Jailbreaking LLMs Without Gradients or Priors: Effective and Transferable Attacks
- URL: http://arxiv.org/abs/2601.03420v1
- Date: Tue, 06 Jan 2026 21:14:13 GMT
- Title: Jailbreaking LLMs Without Gradients or Priors: Effective and Transferable Attacks
- Authors: Zhakshylyk Nurlanov, Frank R. Schmidt, Florian Bernard,
- Abstract summary: We introduce RAILS, a framework that operates solely on model logits.<n>By eliminating gradient dependency, RAILS enables cross-tokenizer ensemble attacks.<n> Empirically, RAILS achieves near 100% success rates on multiple open-source models and high black-box attack transferability to closed-source systems like GPT and Gemini.
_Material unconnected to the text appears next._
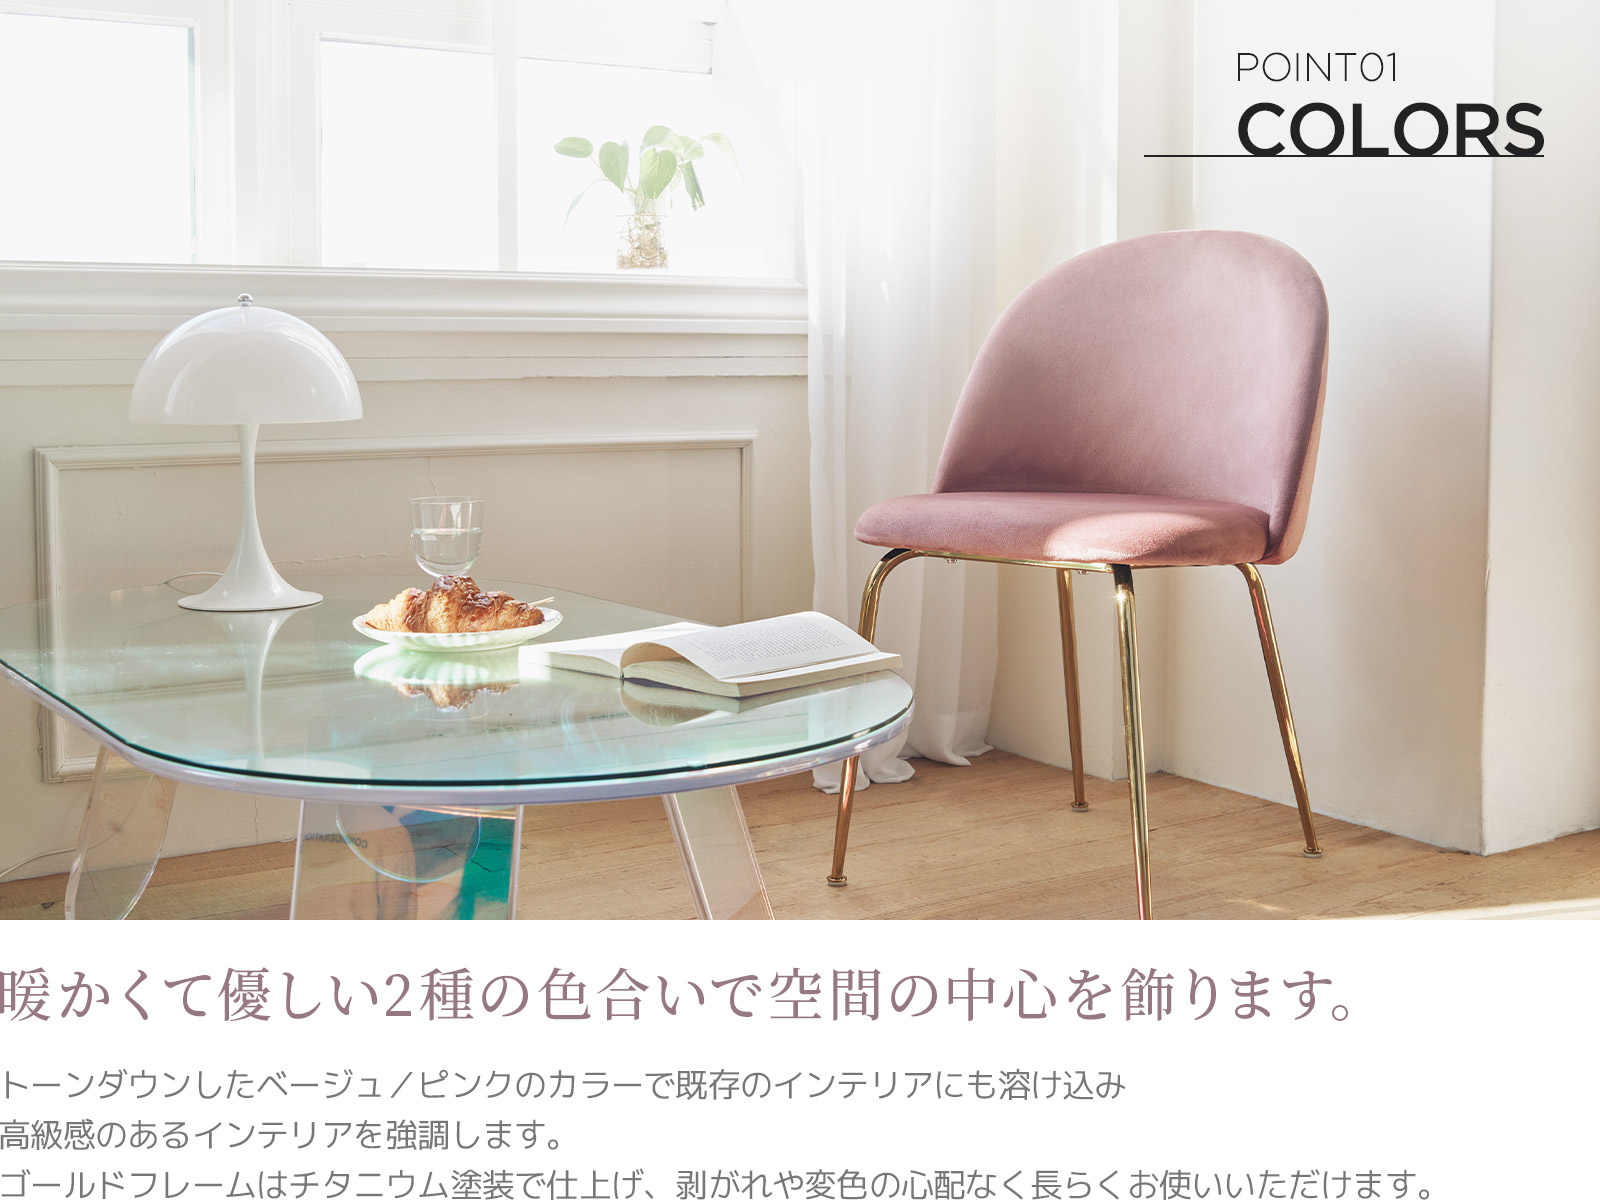 【ガラス】 ビー玉テーブルと椅子現代の椅子屋外ベルベットゴールドオフィスアクセサリープラスチック家具席シンプルなテーブル タイル

- Score: 22.52730333160258
- License: http://creativecommons.org/licenses/by/4.0/
- Abstract: As Large Language Models (LLMs) are increasingly deployed in safety-critical domains, rigorously evaluating their robustness against adversarial jailbreaks is essential. However, current safety evaluations often overestimate robustness because existing automated attacks are limited by restrictive assumptions. They typically rely on handcrafted priors or require white-box access for gradient propagation. We challenge these constraints by demonstrating that token-level iterative optimization can succeed without gradients or priors. We introduce RAILS (RAndom Iterative Local Search), a framework that operates solely on model logits. RAILS matches the effectiveness of gradient-based methods through two key innovations: a novel auto-regressive loss that enforces exact prefix matching, and a history-based selection strategy that bridges the gap between the proxy optimization objective and the true attack success rate. Crucially, by eliminating gradient dependency, RAILS enables cross-tokenizer ensemble attacks. This allows for the discovery of shared adversarial patterns that generalize across disjoint vocabularies, significantly enhancing transferability to closed-source systems. Empirically, RAILS achieves near 100% success rates on multiple open-source models and high black-box attack transferability to closed-source systems like GPT and Gemini.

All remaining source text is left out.